Я даже представить не могла, что можно настолько заботиться о животных; с другой стороны, слоны, с которыми я имела дело, пользовались преимуществом суровой местности, где их ноги находились в естественных условиях. У них были бескрайние просторы, чтобы размять затекшие суставы.
— Она так спокойно стоит, — продолжала я. — Как будто вы ее загипнотизировали.
Гидеон пропустил комплимент мимо ушей.
— Она не всегда так себя вела. Когда она приехала, была очень норовистой. Набирала полный хобот воды и, когда кто-нибудь приближался к ее загону, окатывала с ног до головы. А еще палками бросалась. — Он посмотрел на меня. — Как Гестер. Но по менее впечатляющим целям.

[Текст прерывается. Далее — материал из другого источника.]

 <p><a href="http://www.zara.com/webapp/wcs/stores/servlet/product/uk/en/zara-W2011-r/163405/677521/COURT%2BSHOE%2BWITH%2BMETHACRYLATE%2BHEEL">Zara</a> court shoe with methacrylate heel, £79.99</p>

Я почувствовала, как зарделись щеки.
— Простите.
— Грейс должна была вас предупредить. Уж ей ли не знать!
— Ваша жена не виновата.
Что-то промелькнуло на лице Гидеона. Сожаление? Досада? Я его едва знала, чтобы по лицу понимать, о чем он думает. В это мгновение Ванда убрала ногу, просунула хобот через прутья загона и перевернула стоящий рядом с Гидеоном таз с водой, намочив ему брюки. Он вздохнул, поставил таз на место и скомандовал:
— Ногу давай!
Ванда опять протянула ногу, чтобы он закончил.
— Любит подразнить, — продолжал Гидеон. — Мне кажется, она всегда любила пошалить. Но там, откуда она приехала, за подобные шутки ее давно избили бы. Если она отказывалась двигаться, ее подгоняла рыжая рысь. Когда она только приехала, то стучала по прутьям и подняла шум, как будто ждала, что мы ее накажем. А мы ликовали и просили ее стучать еще громче. — Гидеон погладил ногу Ванды, и слониха осторожно втянула ее назад. Она вышла из ванной с сидром, хоботом подняла таз, вылила содержимое в сточную канаву и передала Гидеону пустой.
Я, поразившись такому поведению, засмеялась.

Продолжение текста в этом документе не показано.